*THE PROBLEM*: Each line from the one containing "Eggplant Parmesan is" to the end of the data must be copied exactly, the first and last included; no other lines and no pictures belong in the copy.

*DATASET SECTION*:
BEGIN

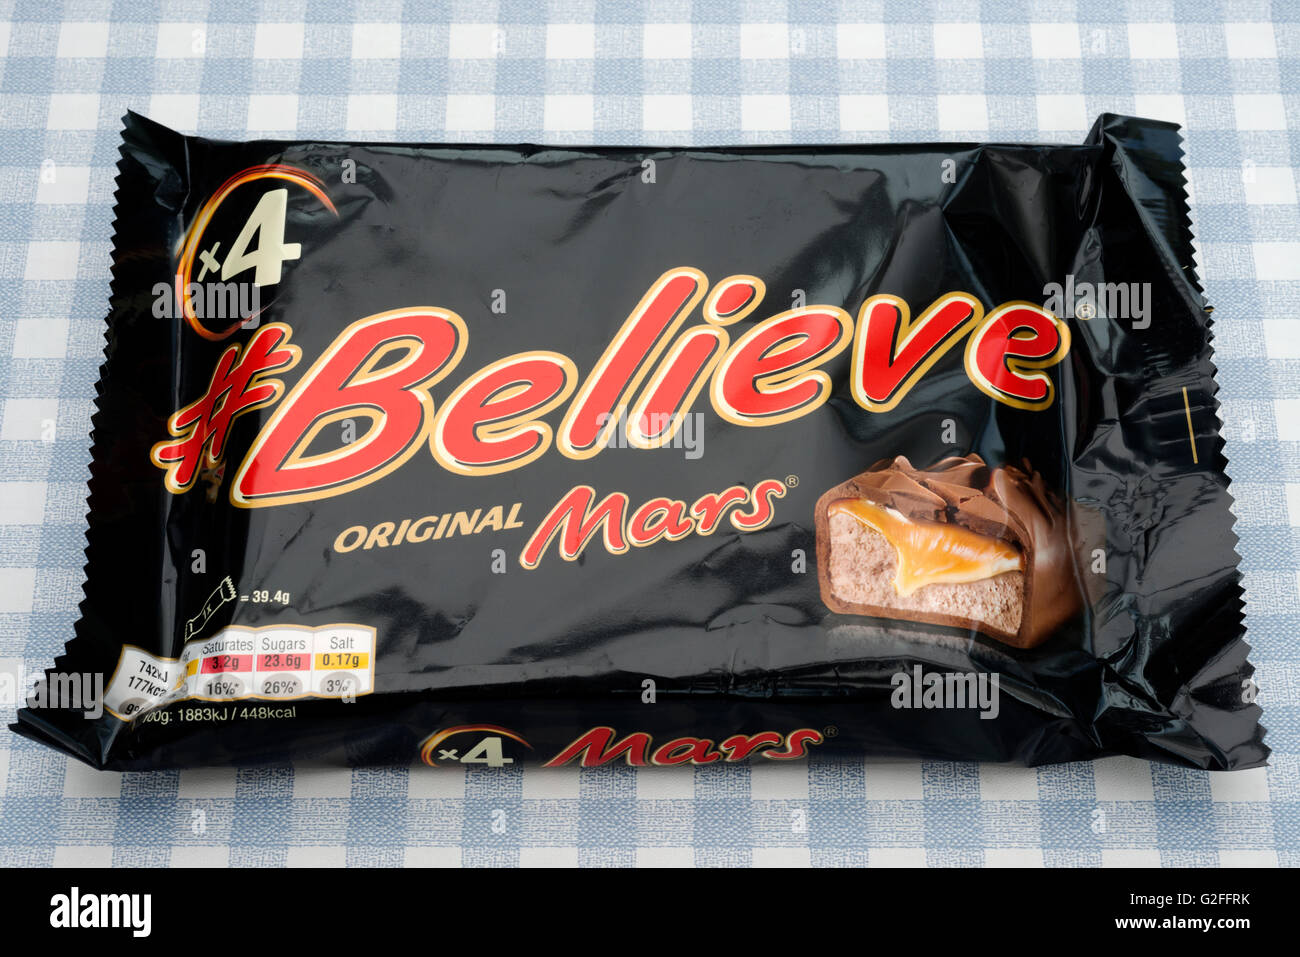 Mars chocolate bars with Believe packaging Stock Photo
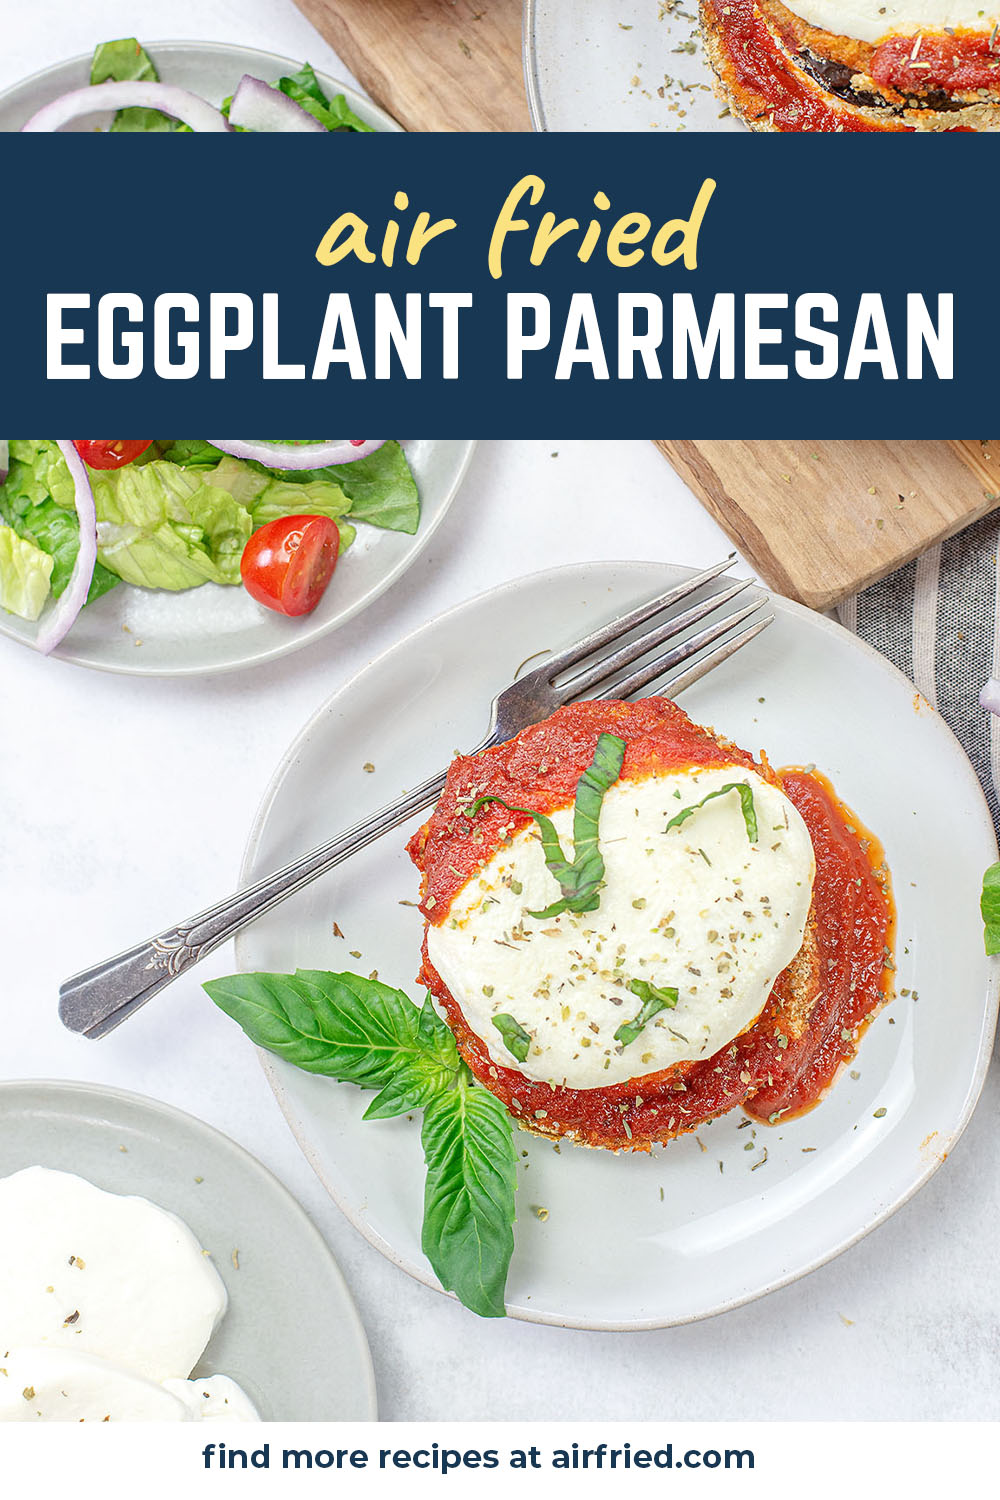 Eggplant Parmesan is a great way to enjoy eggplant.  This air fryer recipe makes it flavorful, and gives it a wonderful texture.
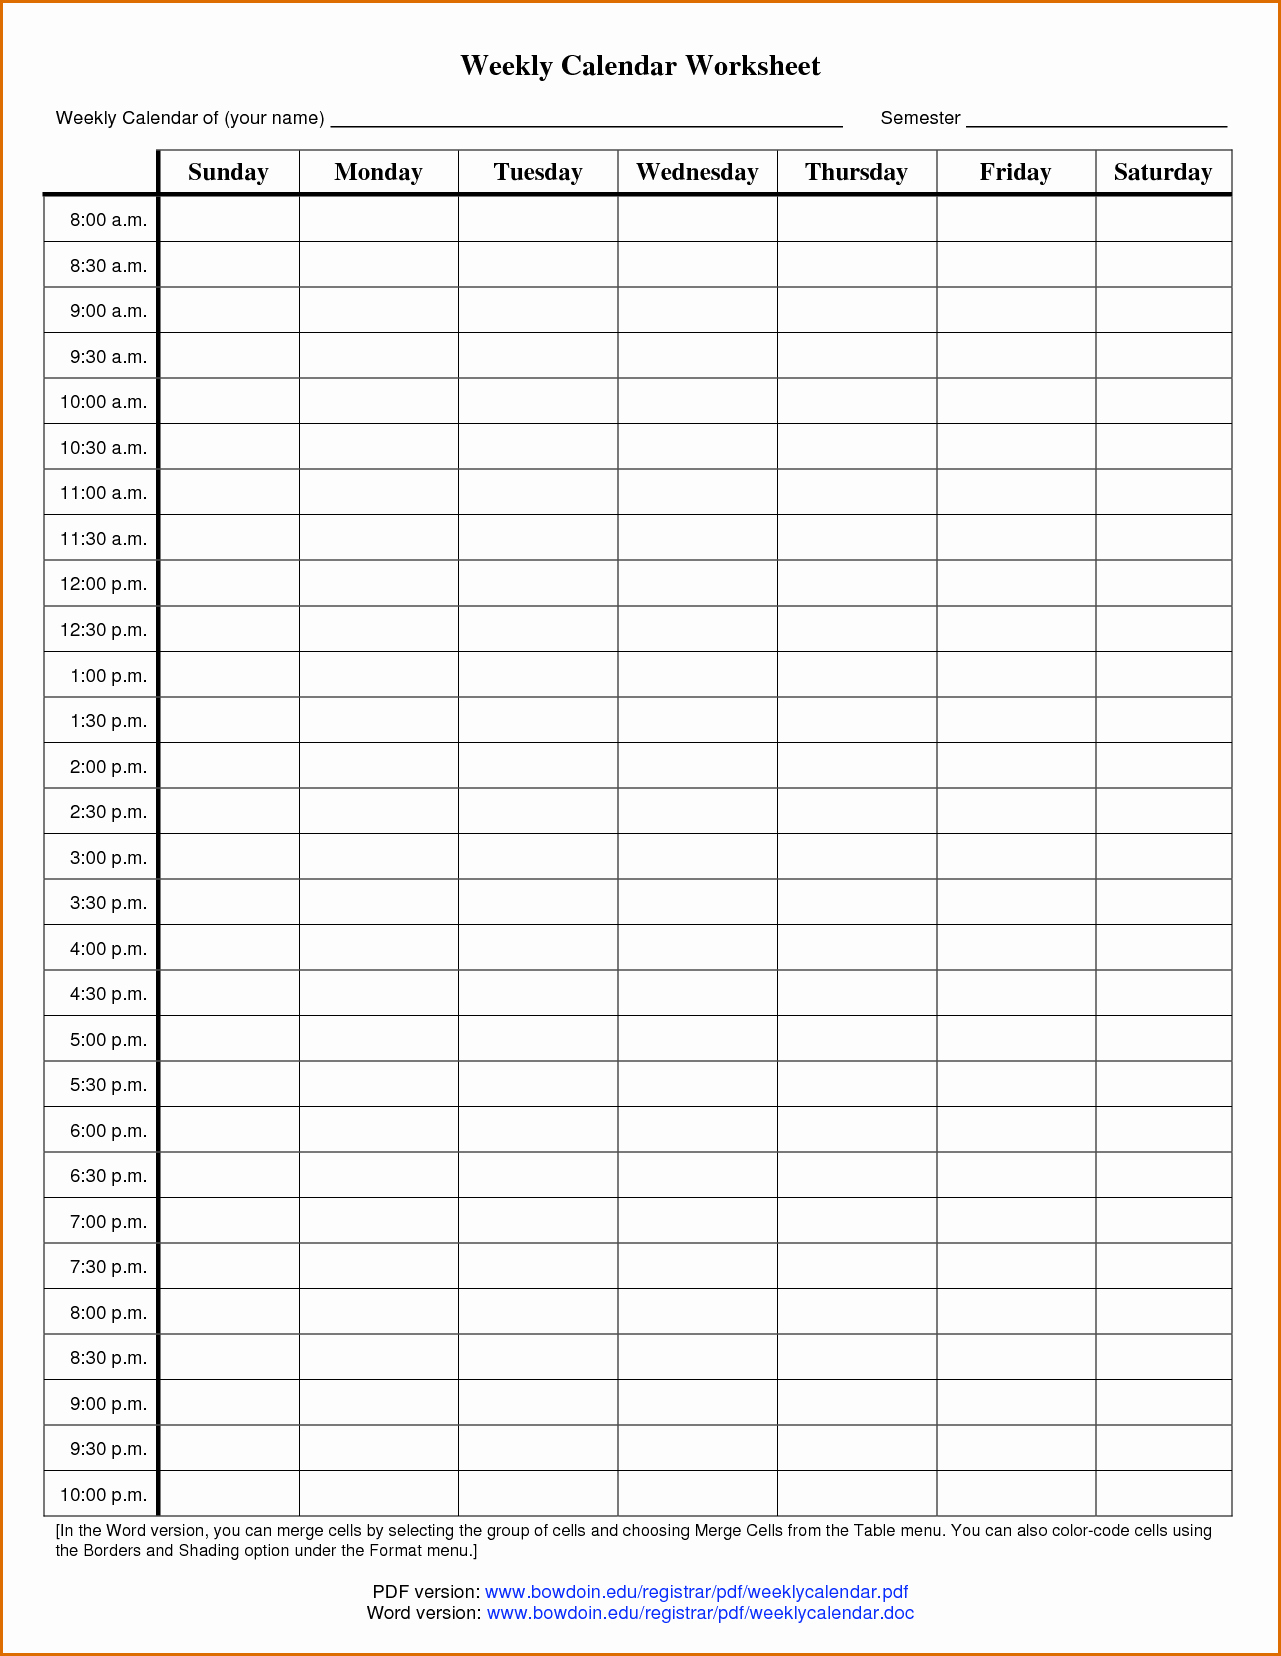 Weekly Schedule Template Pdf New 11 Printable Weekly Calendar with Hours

END

*ANSWER SECTION*:
 Eggplant Parmesan is a great way to enjoy eggplant.  This air fryer recipe makes it flavorful, and gives it a wonderful texture.
 Weekly Schedule Template Pdf New 11 Printable Weekly Calendar with Hours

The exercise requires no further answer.